Data provided:
-------

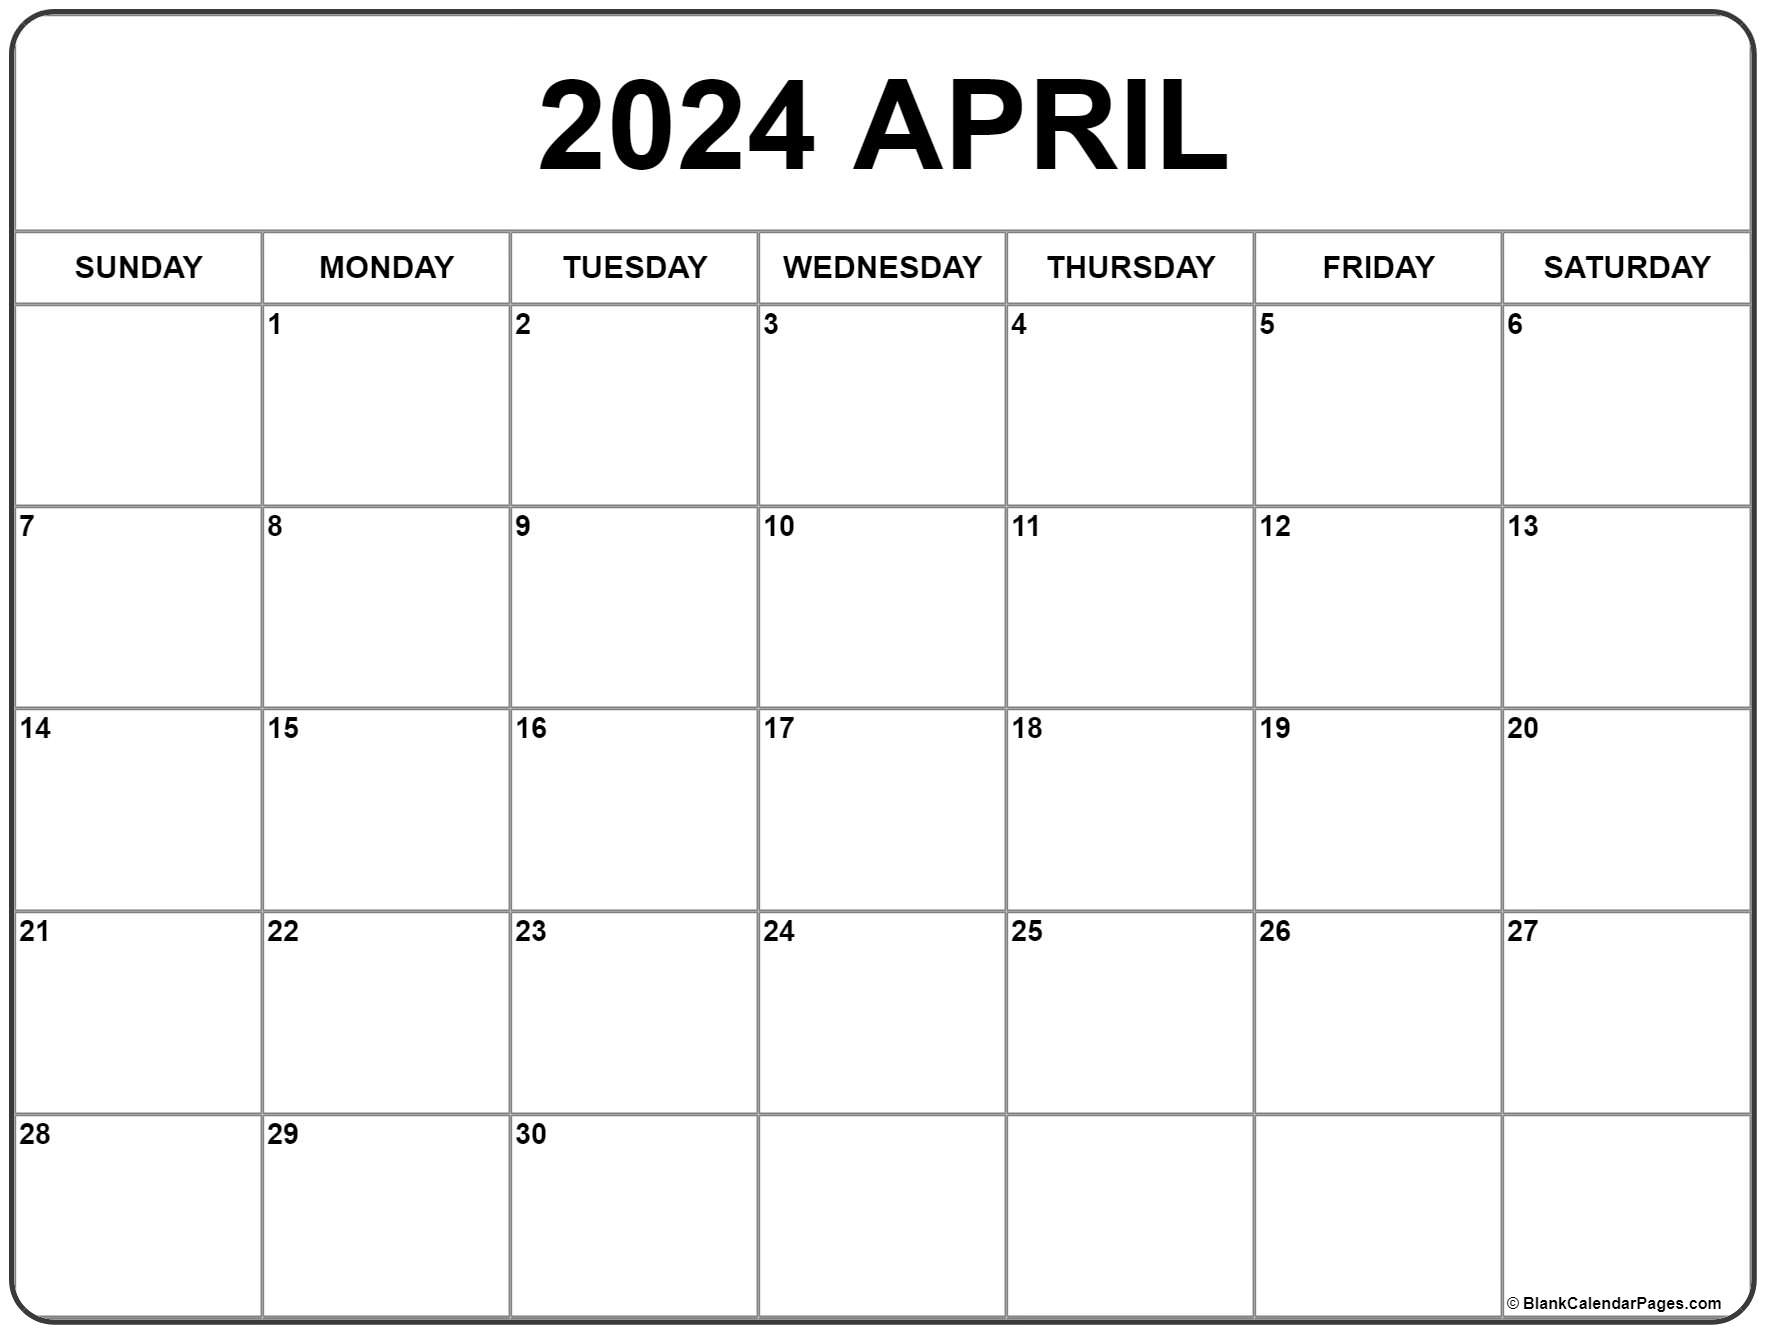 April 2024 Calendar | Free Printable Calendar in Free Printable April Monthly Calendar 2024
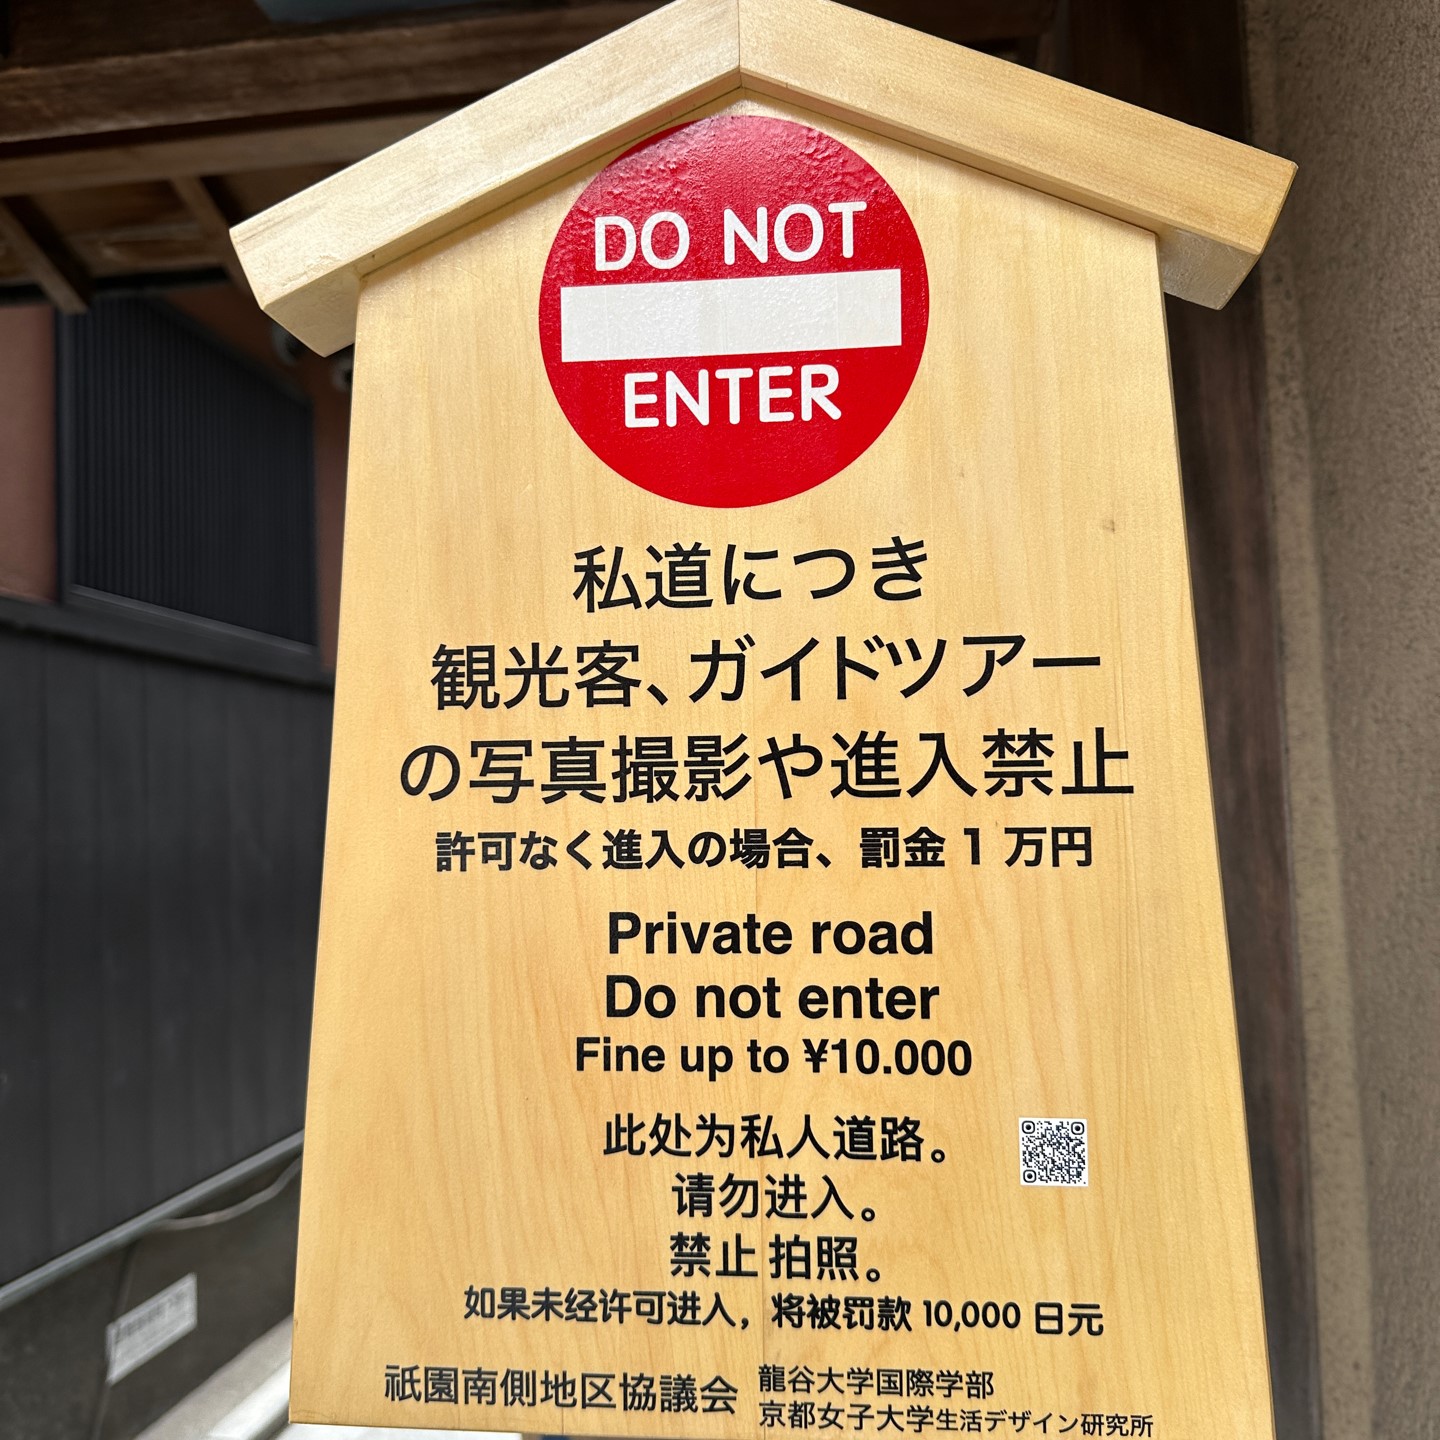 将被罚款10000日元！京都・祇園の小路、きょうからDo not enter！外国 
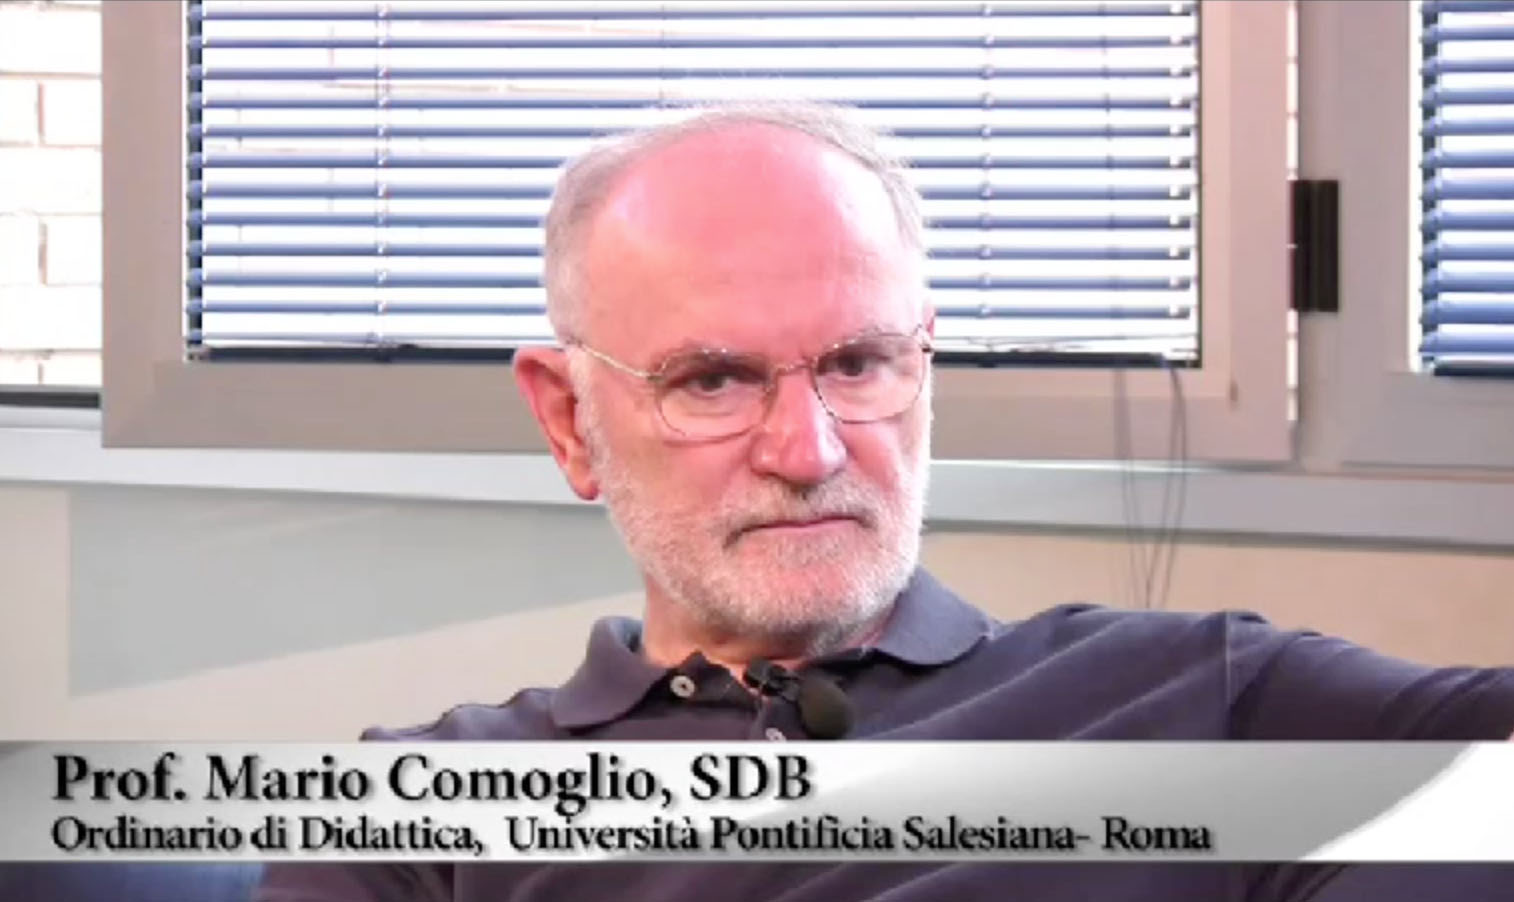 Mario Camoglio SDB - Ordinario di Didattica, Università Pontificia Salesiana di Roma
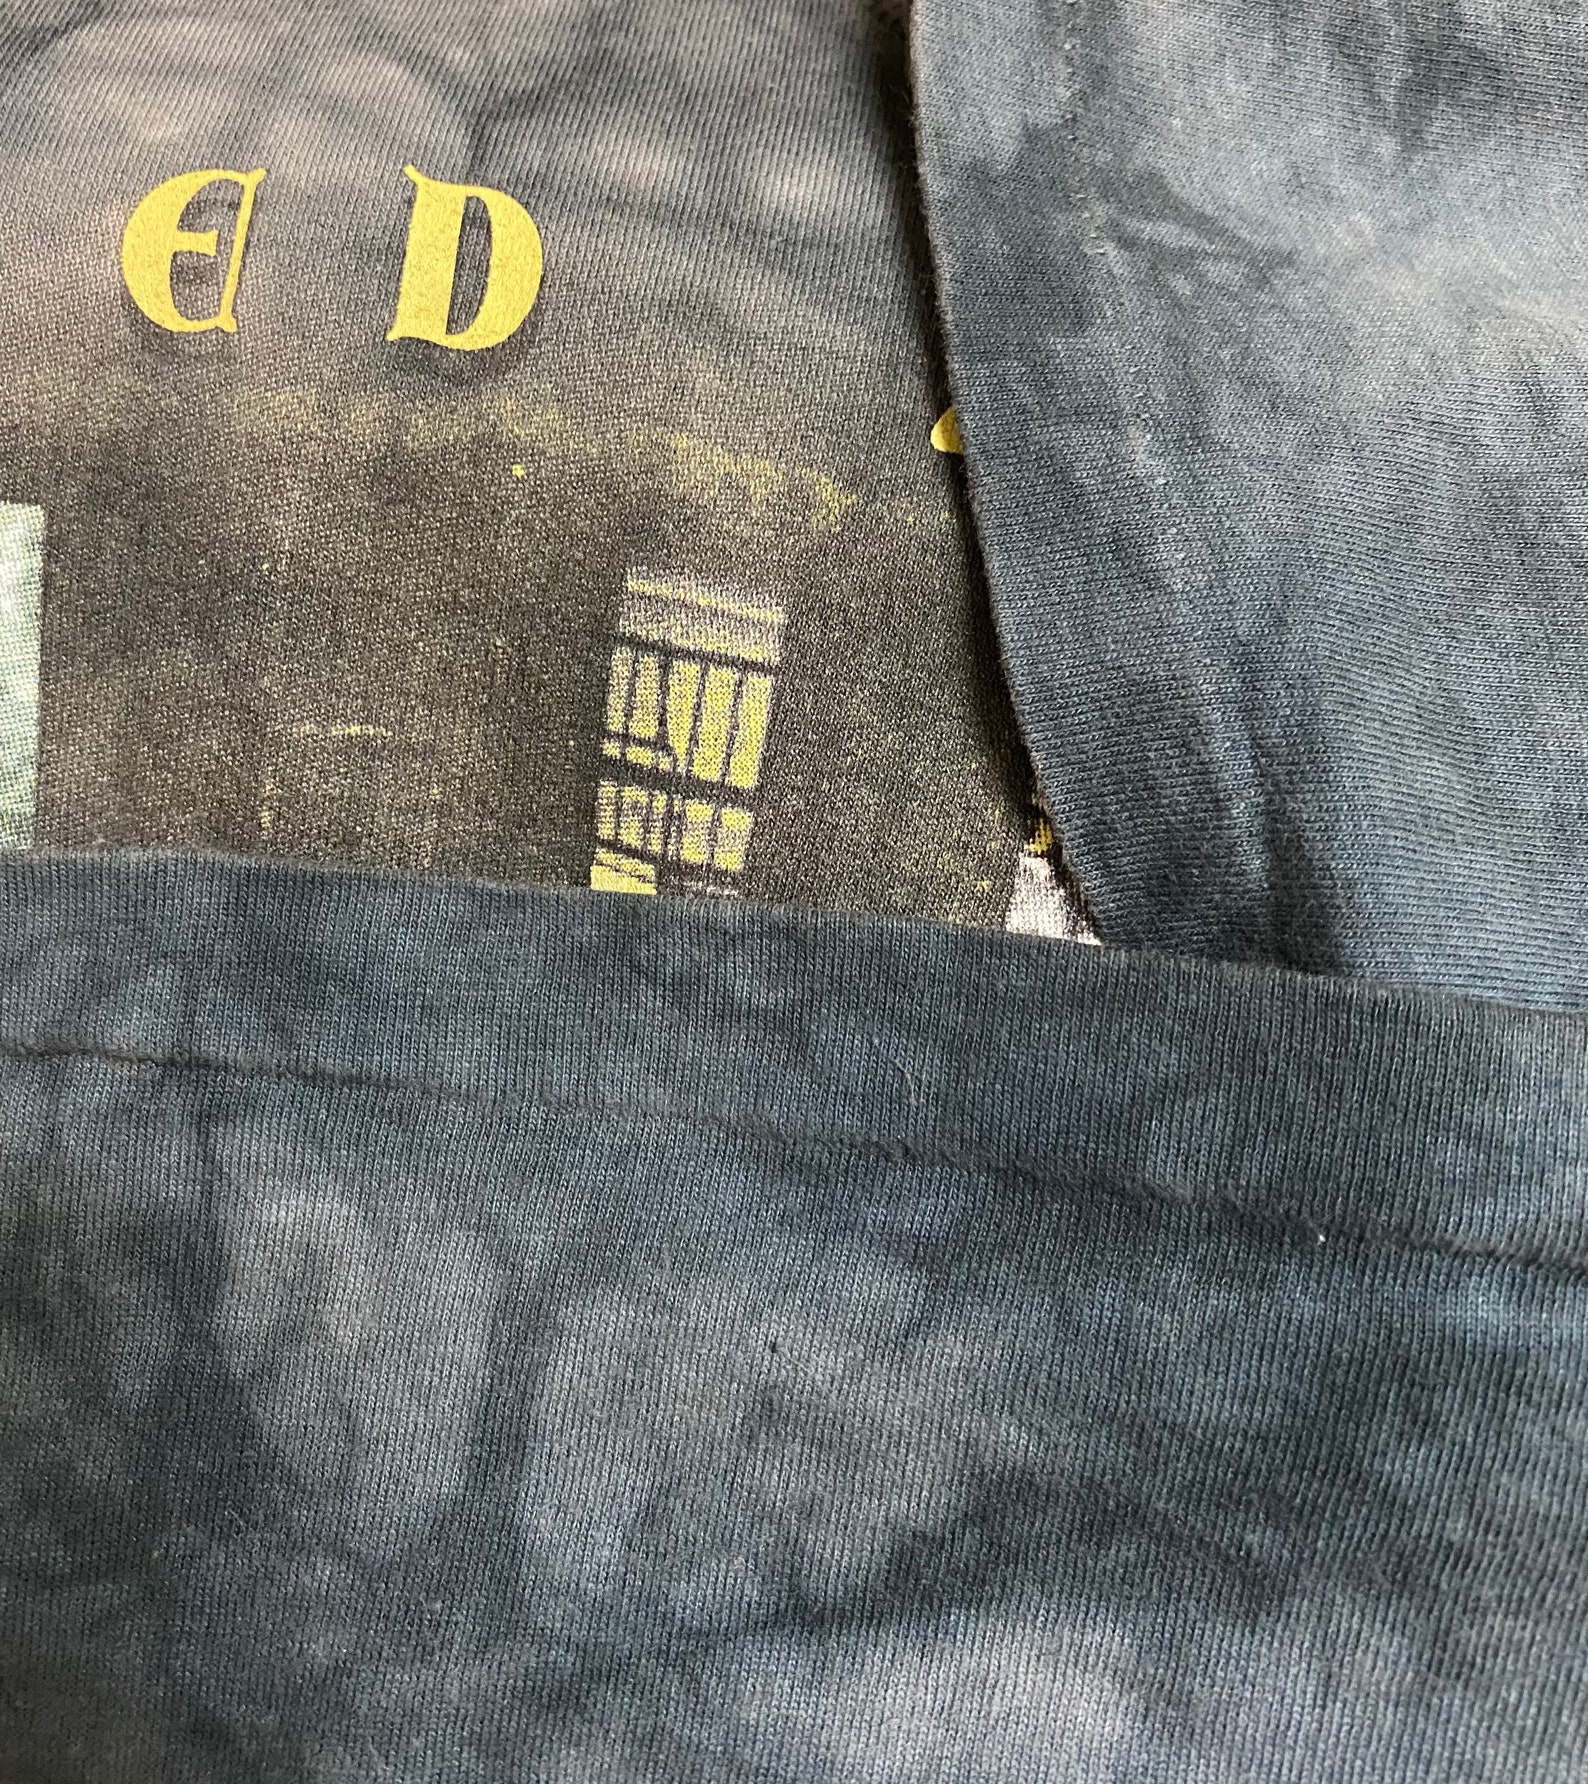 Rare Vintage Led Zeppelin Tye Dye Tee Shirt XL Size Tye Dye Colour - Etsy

-------

The problem:
No pictures go in the copy. Set down all the data exactly.

Expected output:
 April 2024 Calendar | Free Printable Calendar in Free Printable April Monthly Calendar 2024
 将被罚款10000日元！京都・祇園の小路、きょうからDo not enter！外国 
 Mario Camoglio SDB - Ordinario di Didattica, Università Pontificia Salesiana di Roma
 Rare Vintage Led Zeppelin Tye Dye Tee Shirt XL Size Tye Dye Colour - Etsy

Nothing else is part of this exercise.